Figure 3-1. Two Cost Escalation Curves
Returning for a moment to the Toyota die cutting example, the die engineer sees the conceptual design of the car and knows roughly the size of door panel is necessary. With that information, a big enough steel block can be ordered. If the concept of the car changes from a small, sporty car to a mid-size family car, the block of steel may be too small, and that would be a costly mistake. But the die engineer knows that once the overall concept is approved, it won’t change, so the steel can be safely ordered, long before the details of the door emerge. Concurrent design is a robust design process because the die adapts to whatever design emerges.

Lean software development delays freezing all design decisions as long as possible, because it is easier to change a decision that hasn’t been made. Lean software development emphasizes developing a robust, change-tolerant design, one that accepts the inevitability of change and structures the system so that it can be readily adapted to the most likely kinds of changes.

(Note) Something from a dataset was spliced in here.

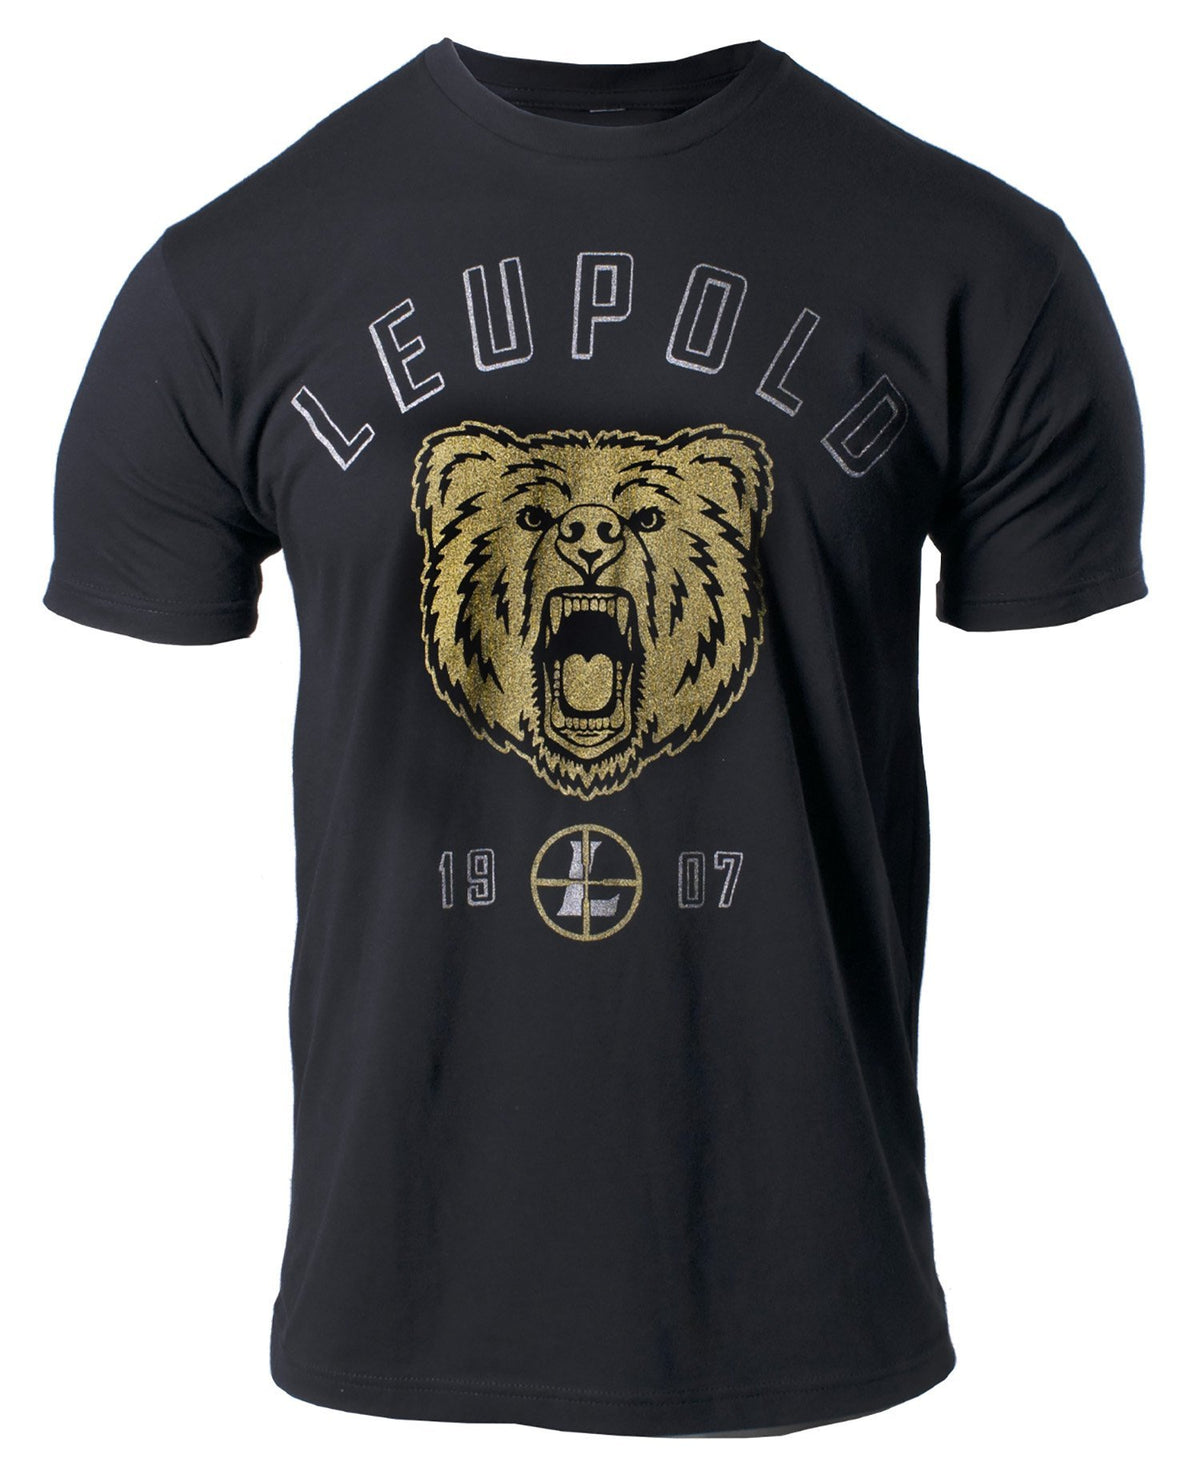 Leupold Kodiak T-Shirt Black Medium Short Sleeve - Pacific Flyway Supplies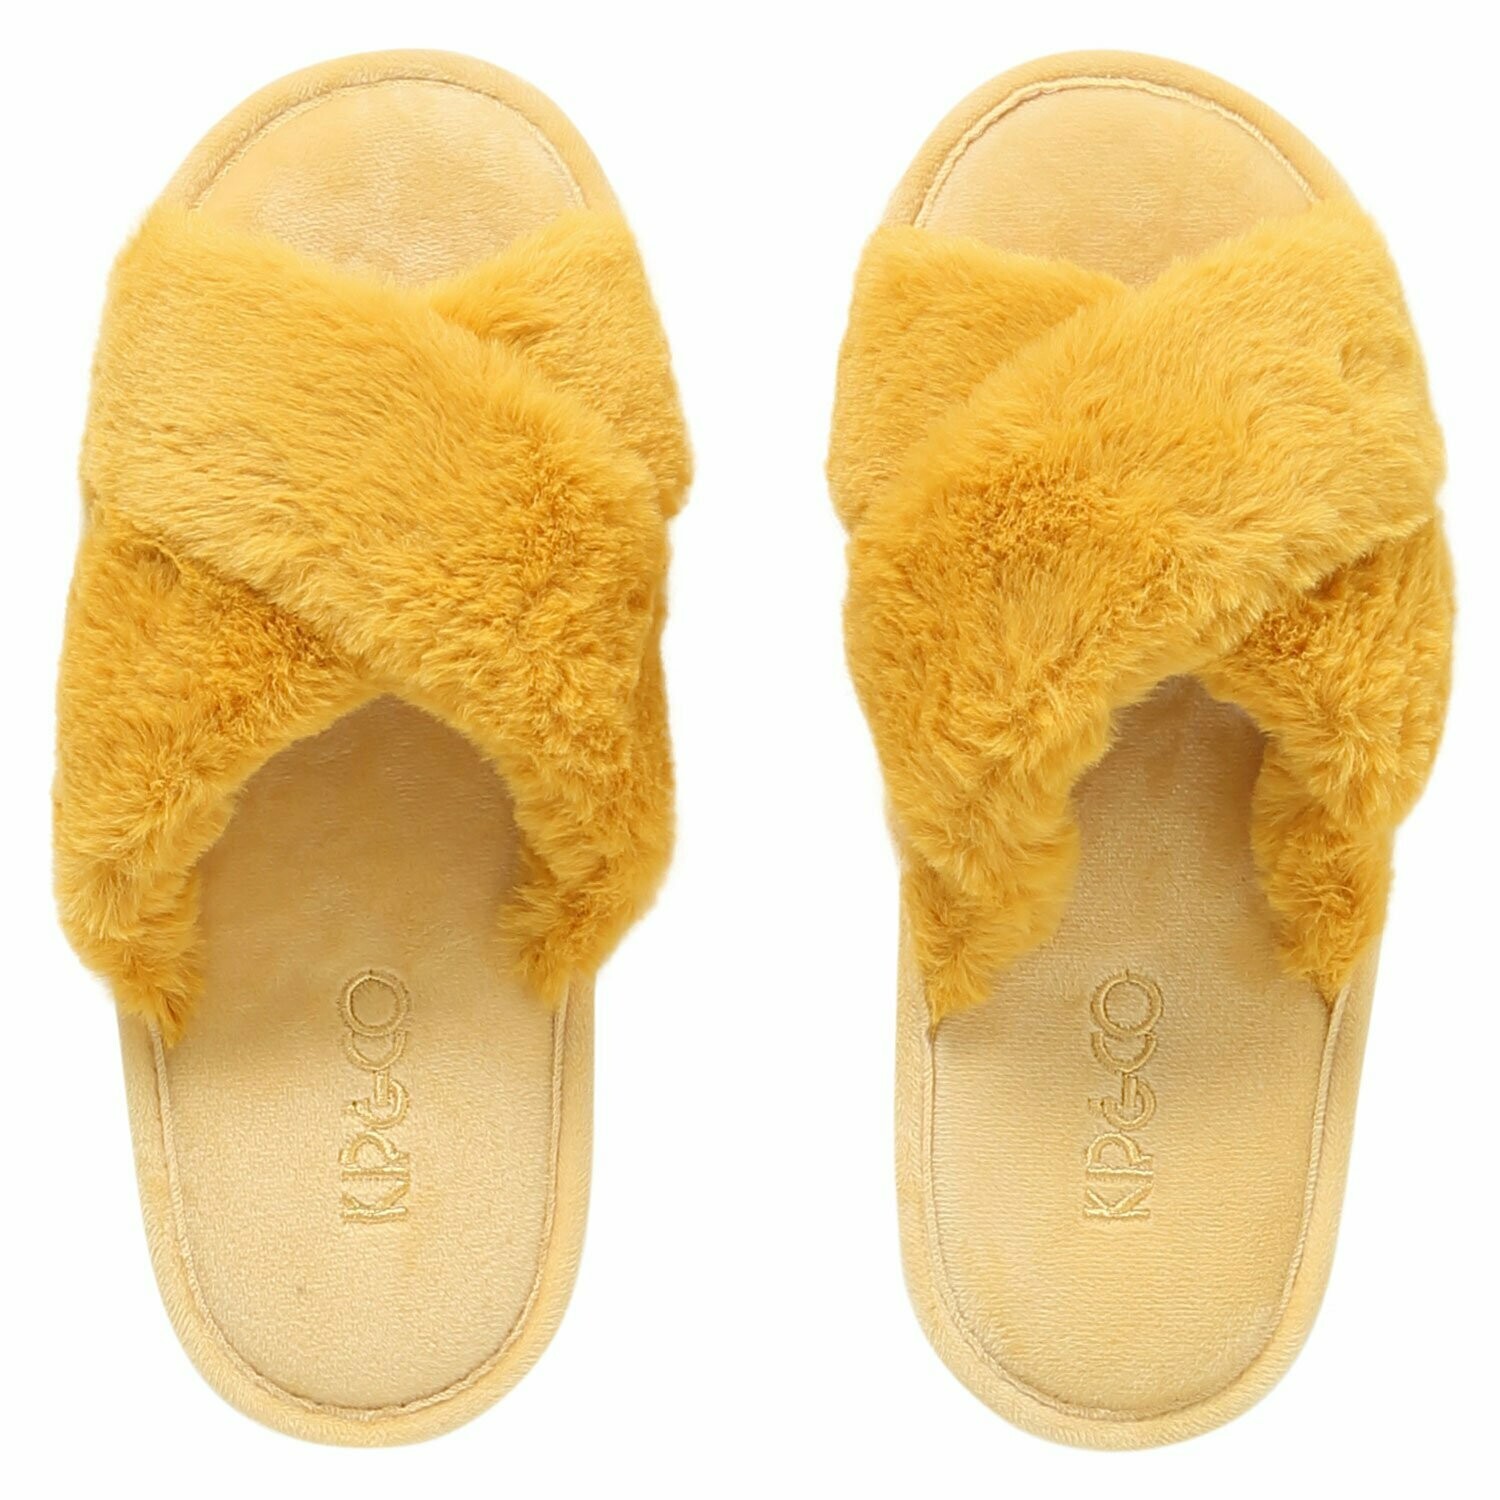 Adult Slippers - Sunshine Yellow - Size 35/36

The main reason why software changes throughout its lifecycle is that the business process in which it is used evolves over time. Some domains evolve faster than others, and some domains may be essentially stable. It is not possible to build in flexibility to accommodate arbitrary changes cheaply. The idea is to build tolerance for change into the system along domain dimensions that are likely to change. Observing where the changes occur during iterative development gives a good indication of where the system is likely to need flexibility in the future. If changes of certain types are frequent during development, you can expect that these types of changes will not end when the product is released. The secret is to know enough about the domain to maintain flexibility, yet avoid making things any more complex than they must be.

If a system is developed by allowing the design to emerge through iterations, the design will be robust, adapting more readily to types of changes that occur during development. More importantly, the ability to adapt will be built-in to the system, so that as more changes occur after its release, they can be readily incorporated. On the other hand, if systems are built with a focus on getting everything right at the beginning in order to reduce the cost of later changes, their design is likely to be brittle and not accept changes readily. Worse, the chance of making a major mistake in the key structural decisions is increased with a depth-first, rather than a breadth-first approach.